France : quatre nouveaux pays "sûrs", une nouvelle attaque contre le droit d'asile

Entretien dans les bureaux de l’OFPRA à Fontenay-sous-Bois (c)OFPRA
Entretien dans les bureaux de l’OFPRA à Fontenay-sous-Bois (c)OFPRA

[01/12/2011]

Ce vendredi 2 décembre 2011, le Conseil d’administration de l’OFPRA doit décider de modifier ou non la liste des pays dits d’origine "sûrs", quelques jours seulement après une intervention du Ministre de l’Intérieur annonçant un train de réforme pour réduire le nombre de demandeurs d’asile en France.

Le 25 novembre 2011, le Ministre de l’Intérieur a déclaré que l’Arménie, le Bangladesh, la Moldavie et le Monténégro devaient être considérés comme des pays d’origine "sûrs".

Amnesty International France (AIF) a été informée que le Conseil d’administration de l’OFPRA sera appelé à se prononcer sur une extension de la liste des pays d’origine "sûrs" ce vendredi 2 décembre 2011.

Depuis 2003, date de son introduction dans la législation française, AIF, opposée au concept de pays d’origine « sûrs», demande qu’il soit retiré de la législation. En effet, cette notion est contraire à l’article 3 de la convention de 1951 relative au statut des réfugiés, ratifiée par la France qui prohibe la discrimination sur la base de la nationalité.

Or, le concept de pays d’origine "sûrs" permet justement d’examiner des demandes d’asile selon des procédures différentes sur la seule base de la nationalité des demandeurs.

 

La classification d’un pays comme "sûr" a de graves conséquences pour les demandeurs d’asile qui sont concernés.

  • ils sont contraintes de rédiger leur demande d’asile en 15 jours au lieu de 21, en français et sans assistance ;
  • leur demande d’asile est examinée en 15 jours au lieu de 145 en moyenne,
  • en cas de rejet de leur demande d’asile, ils peuvent être renvoyés à tout moment dans leur pays même s’ils ont fait appel de cette décision devant la Cour nationale du droit d’asile,
  • pendant cette courte procédure, ils ne peuvent pas bénéficier d’un d’hébergement et peuvent difficilement avoir accès aux soins.

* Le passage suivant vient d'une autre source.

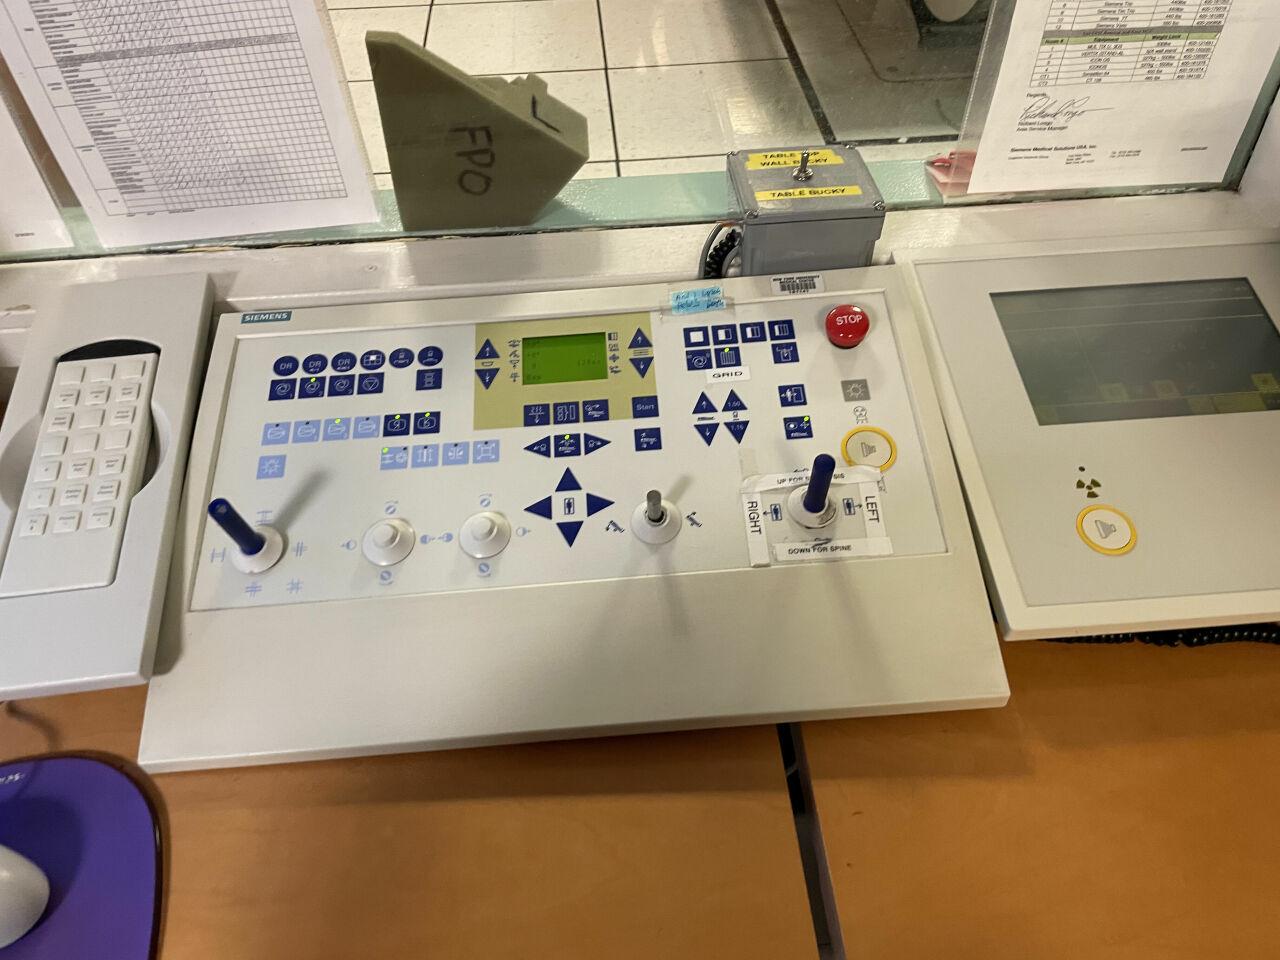 SIEMENS Axiom Iconos R200 Polydorus SX 65 generator Remote R/F Room

Pour AIF, l’ajout ou le retrait d’un ou de plusieurs pays à cette liste ne peut être dicté par des considérations étrangères au souci de protection des réfugiés.

Le droit d’asile ne doit en aucun cas  dépendre d’objectifs de contrôle des migrations comme cela semble être le cas compte tenu des déclarations récentes de Monsieur Guéant, ministre de l’Intérieur, au sujet de demandeurs d’asile qu’il considère pour un grand nombre d’entre eux comme des "migrants économiques"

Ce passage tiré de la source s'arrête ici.